Menurut data Kementerian Luar Negeri (Kemlu) RI, sejak tahun 2020 terdapat lebih dari 10.000 WNI yang menjadi korban penipuan daring di sepuluh negara. Dari jumlah itu, sekitar 1.500 orang dikategorikan sebagai korban TPPO.
Sebagian besar korban direkrut melalui iklan lowongan kerja palsu yang menjanjikan gaji tinggi di sektor teknologi atau digital marketing. Namun, sesampainya di luar negeri, mereka justru dipaksa bekerja untuk menipu orang lain secara daring, termasuk melakukan investasi fiktif, love scam, hingga judi online terselubung.
Kasus ini menunjukkan bahwa kemajuan teknologi juga membuka ruang kejahatan baru. Tanpa kesadaran dan literasi digital yang memadai, banyak warga mudah terjebak dalam janji pekerjaan cepat kaya.
“Baca Juga : 4 Kesalahan Keuangan yang Diam-diam Bisa Membuatmu Bangkrut“
Duta Besar Indonesia untuk Kamboja, Santo Darmosumarto, menjelaskan bahwa para WNI yang terlibat terbagi dalam tiga kelompok. Pertama, mereka yang tidak tahu-menahu dan menjadi korban penipuan perekrut. Kedua, mereka yang sadar menjadi bagian jaringan, tetapi terpaksa karena tekanan. Ketiga, sebagian kecil yang memang sengaja ikut karena iming-iming uang besar.

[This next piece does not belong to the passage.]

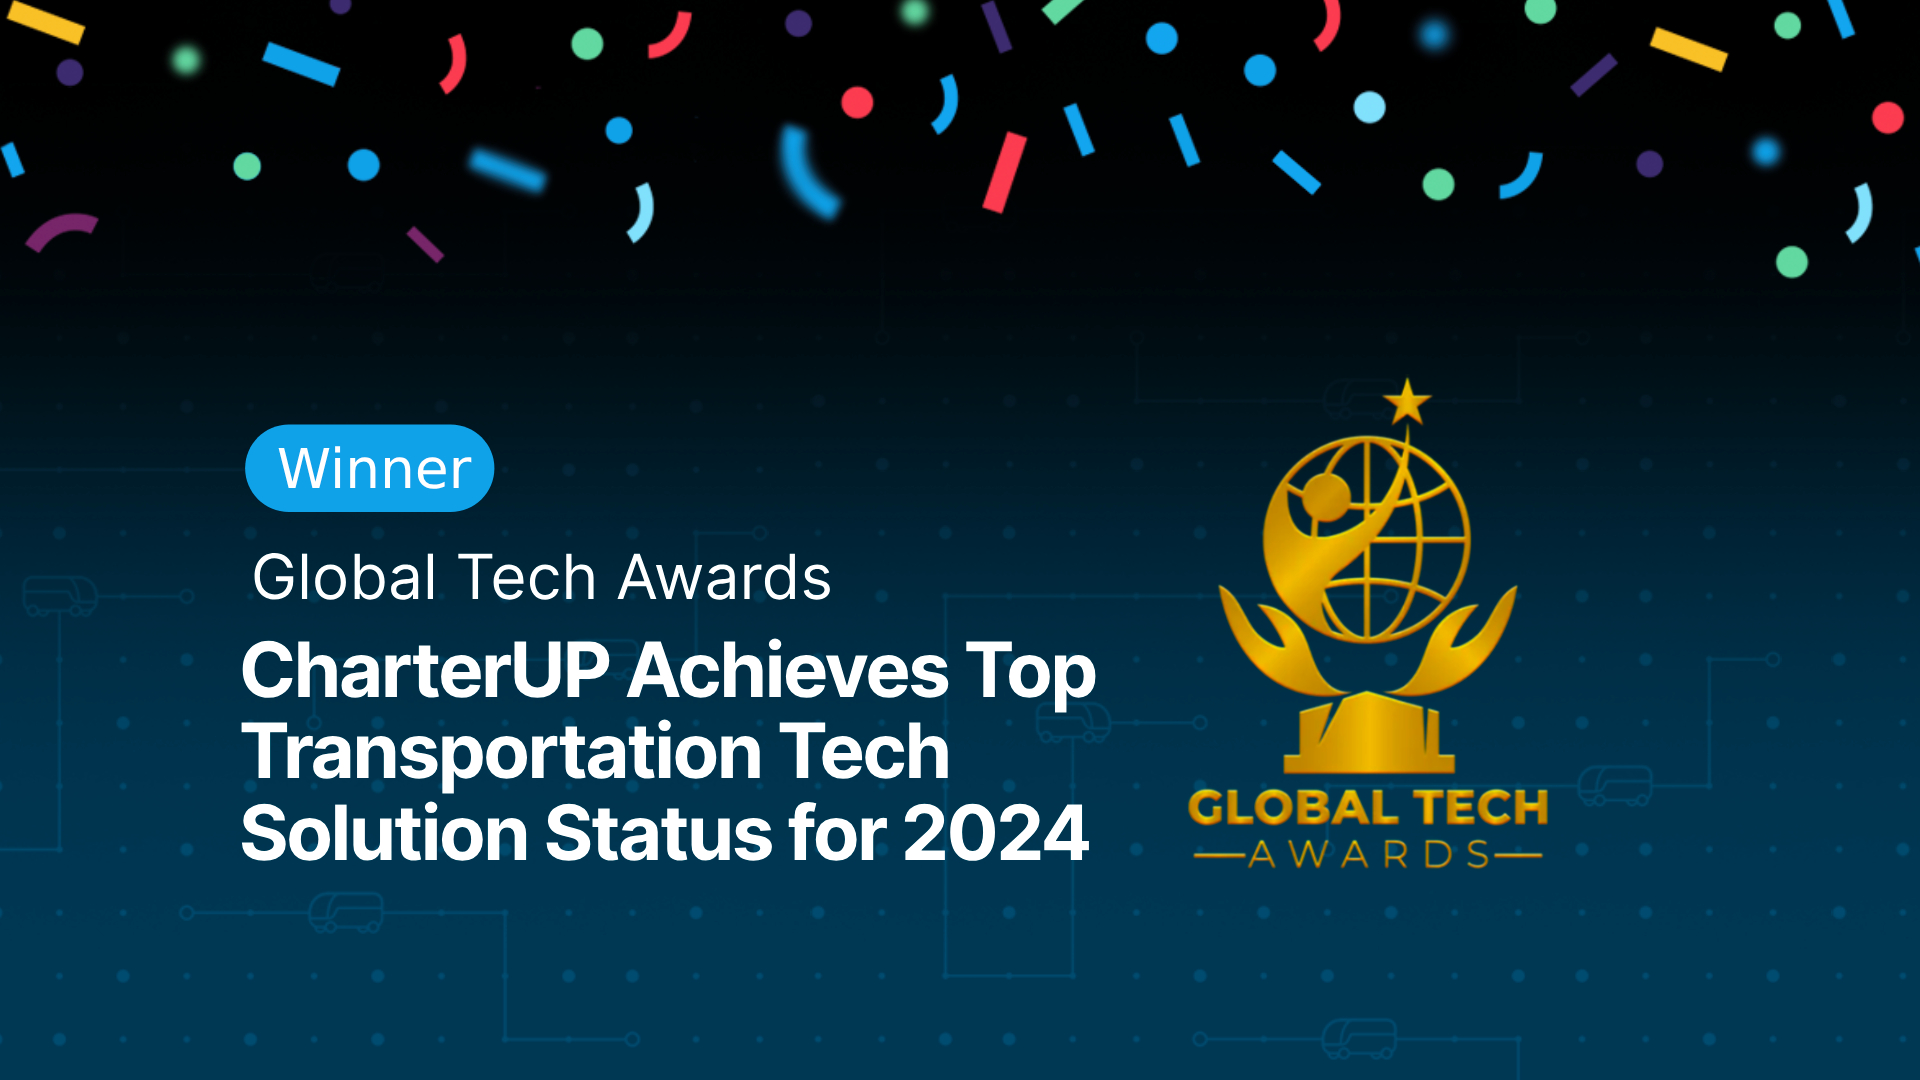 CharterUP named Top Transportation Tech Solution in 2024 Global Tech Awards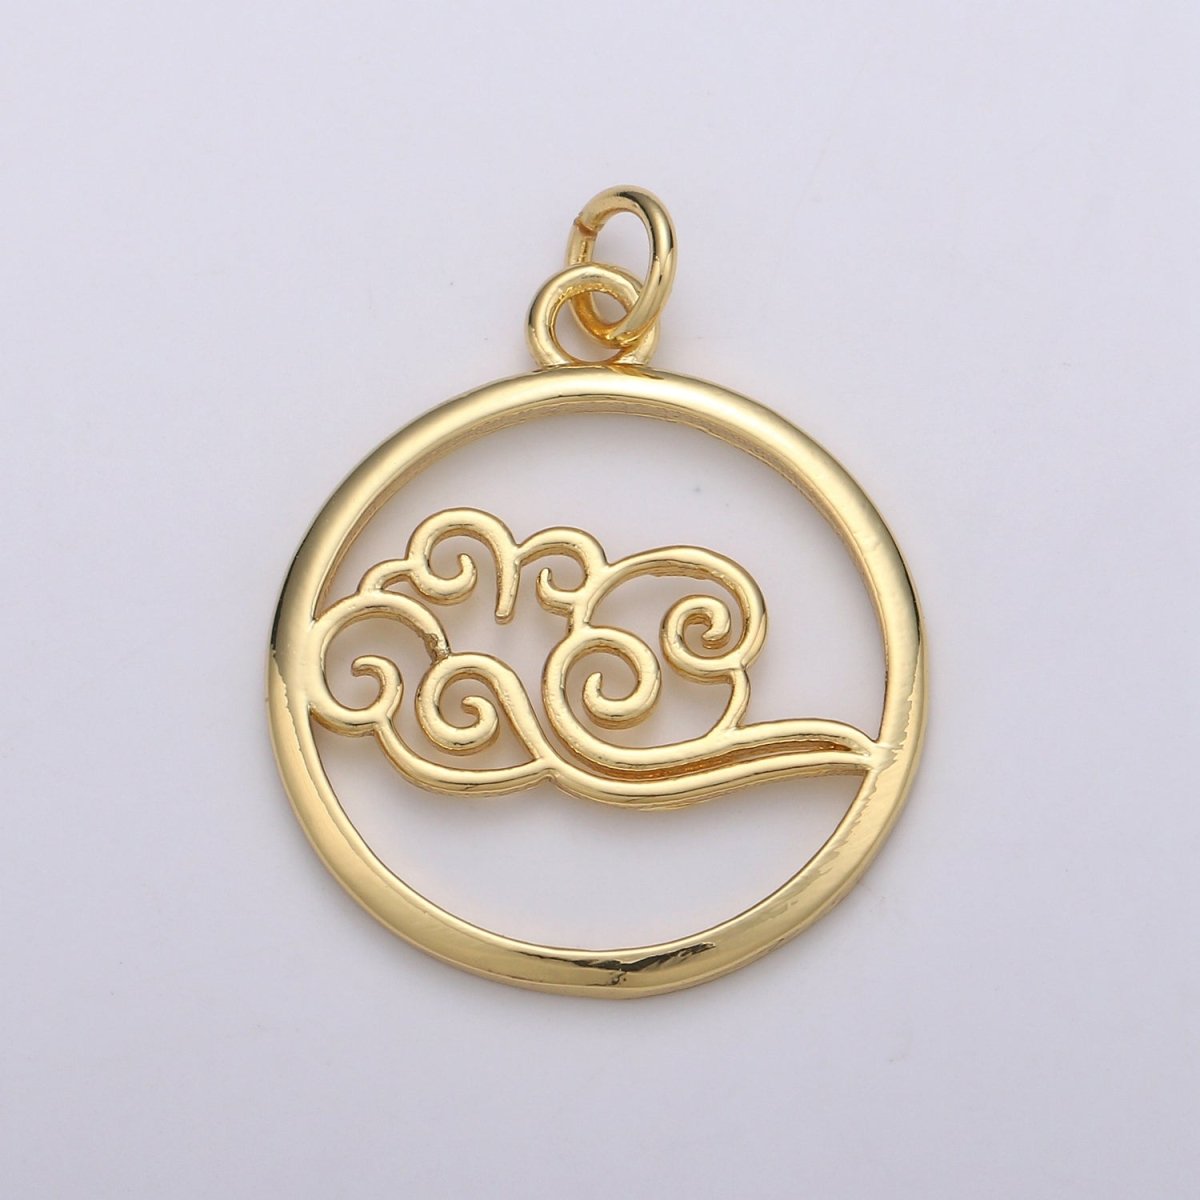 Dainty Gold Element Charm Fire Wind Earth Ocean Wave Charm. 24K Gold Filled Charm for Bracelet Necklace Earring Supply D-915 D-923 - D-925 - DLUXCA

“Sebagian besar dijanjikan pekerjaan resmi, tetapi kemudian dipaksa ikut kegiatan penipuan daring. Kami terus berkoordinasi dengan otoritas Kamboja untuk melindungi dan memulangkan mereka yang menjadi korban,” ujarnya.
KBRI Phnom Penh telah menugaskan tim khusus untuk mendampingi proses hukum para WNI tersebut, memastikan mereka mendapatkan hak perlindungan hukum yang layak sesuai perjanjian bilateral kedua negara.
Pemerintah Indonesia kini memperketat pengawasan terhadap tawaran kerja luar negeri. Kementerian Luar Negeri dan Badan Perlindungan Pekerja Migran Indonesia (BP2MI) memperingatkan masyarakat agar tidak mudah percaya pada iklan kerja yang tidak memiliki izin resmi.
Selain itu, pemerintah juga memperkuat Satgas Perlindungan WNI di Kamboja untuk mempercepat proses identifikasi dan pemulangan korban. “Kami minta masyarakat memverifikasi semua tawaran kerja melalui KBRI sebelum berangkat,” tegas juru bicara Kemlu.
Upaya ini diharapkan bisa menekan jumlah kasus penipuan lintas negara yang melibatkan warga Indonesia, sekaligus melindungi citra bangsa di mata dunia internasional.
Kasus penangkapan 106 WNI di Kamboja menjadi peringatan keras bagi masyarakat Indonesia, terutama generasi muda. Di era digital, peluang memang besar, tetapi jebakannya pun tak kalah banyak. Tawaran gaji tinggi atau pekerjaan mudah bisa jadi awal mimpi buruk.
Kesadaran digital menjadi benteng pertama untuk melindungi diri. Pemerintah, lembaga pendidikan, dan masyarakat perlu bersinergi dalam meningkatkan literasi digital dan kewaspadaan terhadap modus kejahatan online.
Karena pada akhirnya, keamanan dan kehormatan bangsa di dunia internasional tidak hanya ditentukan oleh hukum, tetapi juga oleh kesadaran warganya dalam menolak segala bentuk kejahatan siber.